This Day, That Year
Item from Aug 16, 1985, in China Daily: First goal — young hopefuls take a shot at the Beijing Children’s Soccer School, where all the students are younger than 6.
Although they qualified for the World Cup once in 2002, the national men’s soccer team has disappointed fans for decades.
But the country’s rise as a soccer power has just begun. China rolled out an ambitious plan to build 20,000 schools specializing in teaching the skills of soccer by 2020 to nurse talent for future success at the World Cup.
In 2014, education authorities announced that soccer would become a compulsory part of the national curriculum at schools.
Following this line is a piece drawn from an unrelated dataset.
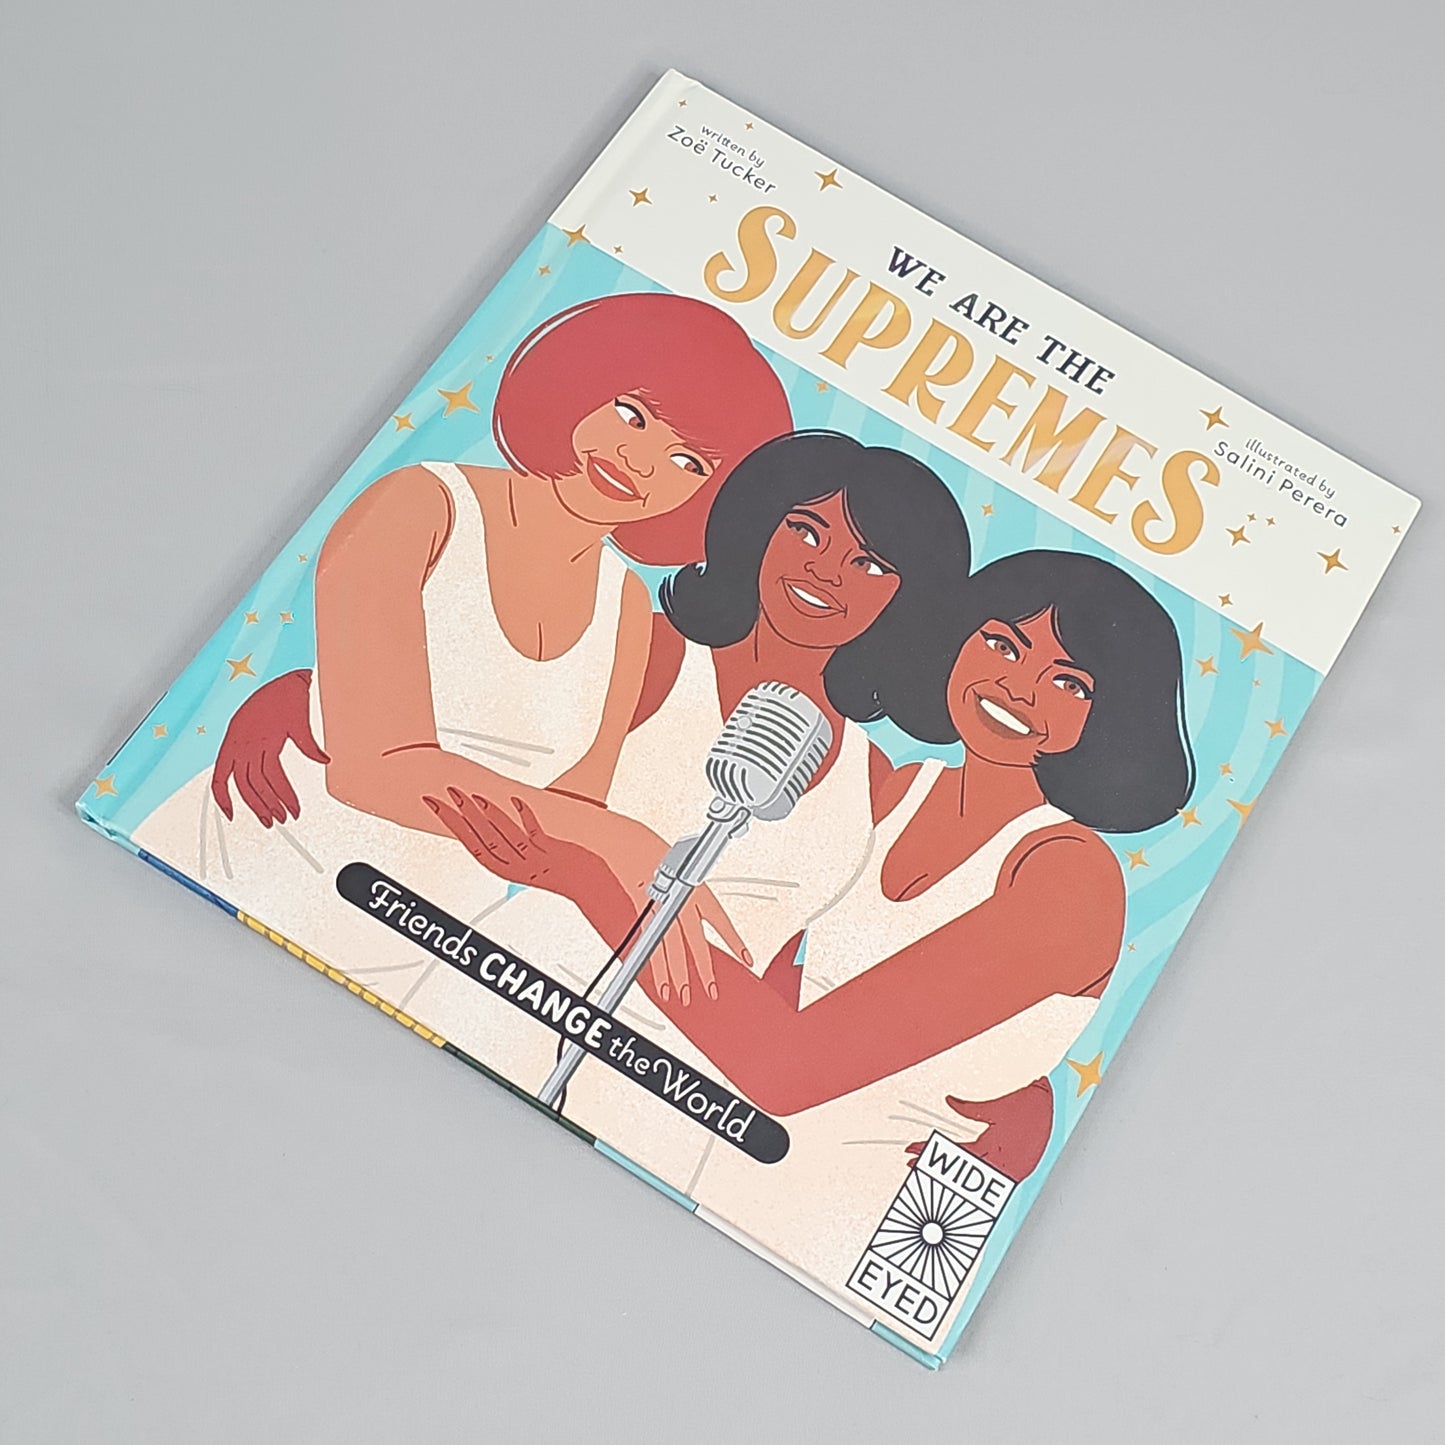 WE ARE THE SUPREMES by Zoe Tucker Book Hardback (New)

Last year, the China Eyas Program was launched by the China Soong Ching Ling Foundation and the China Sports Foundation, which aims to bring a tailor-made preschool soccer project to 3,000 preschools nationwide on a trial basis by the end of this year.
The country plans to introduce the program at 27,000 kindergartens by 2020.
This has opened huge opportunities for foreign soccer clubs to cooperate with Chinese counterparts and investors in soccer, especially in youth training.
Earlier this year, German soccer club Bayern Munich unveiled plans to open a full-time soccer academy in Shenzhen, Guangdong province, to bring Bayern’s youth development knowledge and expertise to Chinese coaches and players.